NHS Students, Teachers Dance For A Cause


By Maya Pottiger

Northeast High School students, teachers and administrators came together on March 7 for the second annual Dancing with the Stars: Teacher Edition. Ten student-teacher pairs competed in front of a panel of student judges to be crowned the winner.

“These types of events are important to both the school and community because it builds a tight relationship between the community and the school,” said Northeast Principal Jason Williams. “I think that this event, in particular, is significant because it was the study and performance of an art form done by a student and a teacher.”

Nearly 250 people gathered to watch the competition, which raised roughly $1,800, half of which will be donated to Ellie’s Bus with the other half supporting the dance company.

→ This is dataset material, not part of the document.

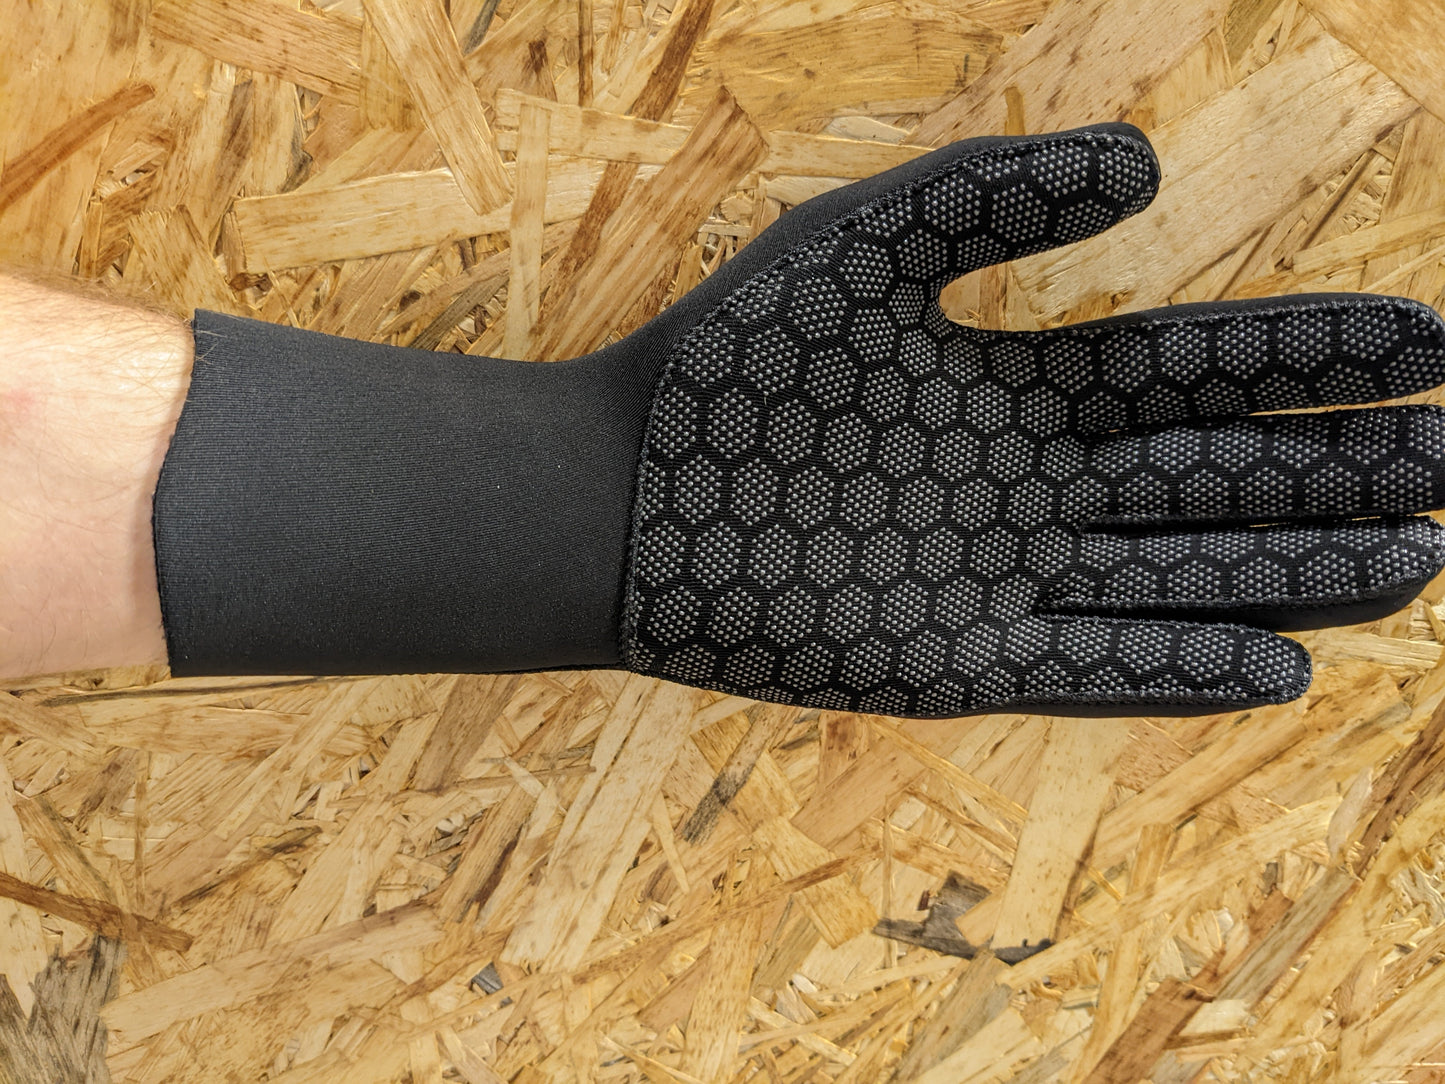 Atom 3mm Wetsuit Gloves

“I wanted to pick an organization that could directly affect our community,” said Meredith Sibley, director of the school’s dance company. “I think [Ellie’s Bus] was something our high school students could relate to, so it mattered to them to give back.”

Ellie’s Bus is an organization that spreads positive mental health education and suicide awareness. Larry and Sherry Leikin, who started Ellie’s Bus after their daughter passed away in 2015, attended the event, and Sherry served as a guest judge.

“Ellie passed away more than three years ago, so to know that her memory and her legacy continues to live on is very meaningful for us,” Larry said. “Obviously we’re honored by anybody who wants to get involved with Ellie’s Bus and what we stand for.”

There are three dance companies at NHS — senior, junior and boys — and they all contributed. In addition to the 10 students who volunteered to be the experts, the other 23 members of the dance company organized the event.

“I really try to make it a student-led type of concert,” Sibley said. “I think it’s important for them because that’s really the idea of the benefit concert is that we’re doing something that impacts our community that really gives back. I really try to have them do the entire thing so they really learn the value of that.”

Next year, Sibley hopes to amp up the competition between the teachers and continue benefiting new organizations.

“The students know it’s a lot of hard work, but I can tell that at the end of it they’re pleased with their hard work, because of the feedback we receive, that the teachers had fun, the community had fun,” Sibley said.